I pray that as I reflect on the cross this Lenten season, that the Holy Spirit would move powerfully in my heart and fill me with overflowing gratitude and passion to live my own life in Jesus' service.

Wednesday, March 4, 2009

Morning With The Puritans

This morning, as is the case on many mornings, I began my day reading and praying a few words from my favorite prayer book, The Valley of Vision: A Collection of Puritan Prayers and Devotions.  Today, I was blessed by the prayer titled, "Fourth Day Morning: True Christianity." Here are a few lines from the latter half of the prayer:

"Grant us always to know that to walk with Jesus
makes other interests a shadow and a dream.
Keep us from intermittent attention
to eternal things;
Save us from the delusion of those
who fail to go far in religion,
who are concerned but not converted,
who have another heart but not a new one,
who have light, zeal, confidence, but not Christ.
Let us judge our Christianity,
not only by our dependence on Jesus,
but by our love to him
our conformity to him,
our knowledge of him.
Give us a religion that is both real,
and progressive,
that holds on its way and grows stronger,
that lives and works in the Spirit,
that profits by every correction,
and is injured by no carnal indulgence."

After reading these words, I prayed earnestly that God would keep me ever mindful of my proclivity to judge my own followership of Jesus by metrics other than increased dependence, love, conformity, and knowledge of Jesus, His finished work on the cross, and the salvation He has graciously offered me.  I prayed that the Holy Spirit would empower me to return daily, in humility, to a fresh, heart level consideration of these truths.  

As I closed out my morning prayer time, I prayed also that the Holy Spirit would move mightily in the church I serve, that individually and corporately, our community would be delivered from the delusions of "being concerned but not converted, having other hearts but not new ones, having light, zeal and confidence, but not having Christ," that, with hearts bowed low in conviction and repentance, we might more fully honor our Father and in greater measure, experience the joy of finding our ultimate identity and satisfaction in Him.  

Tuesday, March 3, 2009

Gospel Longings

This afternoon, as I spent a bit of time basking in the warmth of a March Tuesday in Colorado, nourishing my caffiene addiction with a tall cup of St. Arbucks' finest, I wrote down a few thoughts on the riches of God's grace and the profundity of the Gospel. These words were originally offered to Jesus, through a written prayer of thanksgiving and adoration in my Moleskine journal - I am not sure how well they will translate into this format, but I will give it a shot.

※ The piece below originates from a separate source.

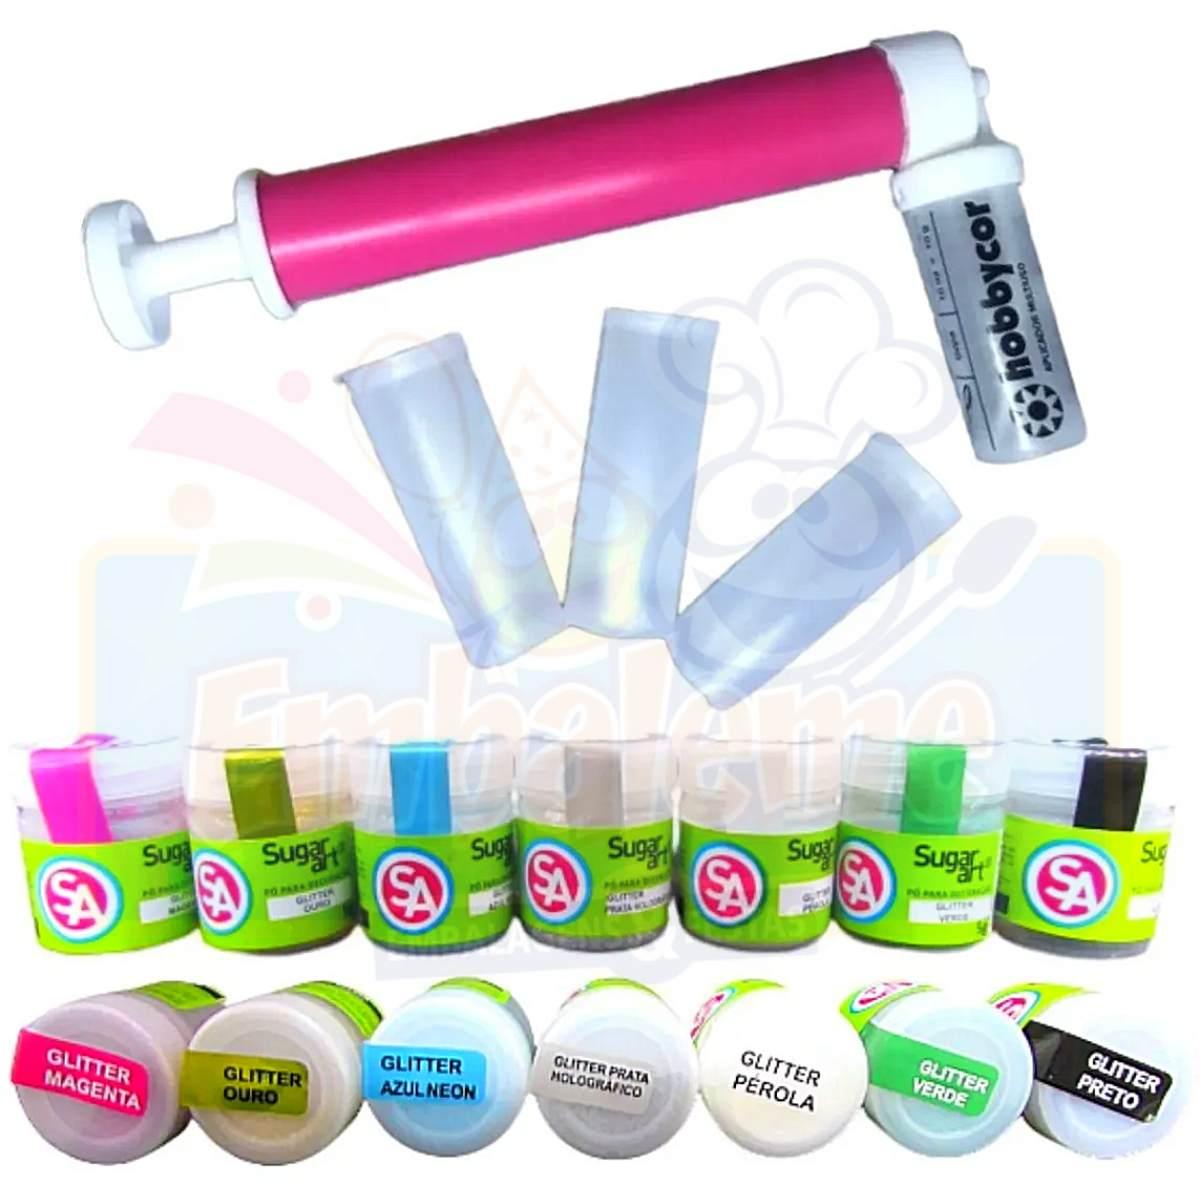 Kit 7 Glitter Comestível para Bolo Sugar art + Bombinha Para Glitter

More and more, as I spend time reading the Scriptures, I find myself captivated by the simple profundity of the Gospel and by the unceasing riches of God's grace. At times, the far-reaching ends of each seem well beyond my capacity to grasp intellectually, live in practically, and minister out of faithfully. These simple phrases: Christ came, Christ died, Christ was raised, Christ will come again contain an abundant, treasure-store of life and eternity-changing truth - truth, which has fostered a series of "Gospel-longings" within me:

I long for God to bless me with sufficient wisdom, knowledge, and understanding to truly "know Christ and Him crucified." I long for the Holy Spirit to fill me and lead me in greater measure, that I might more fully work in and live out the Gospel - that I might, in greater measure, become more like Jesus in my thoughts, attitudes, motivations, and actions. I long to more fully understand, embrace, and rest in "how wide and long and high and deep is the love of Jesus." I long to more fully live, love and minister out of the reality that I have been graciously accepted by my Heavenly Father - not because of who I am, or because of what I have done, or have managed not to do - but because of Who Jesus is, and what He has done on my behalf on the cross.

I long for these truths to bury themselves deep within the core of who I am and work in a miraculously, transformative way - I long for a Holy Spirit driven, inside-out, restoration project of my heart, life, and ministry.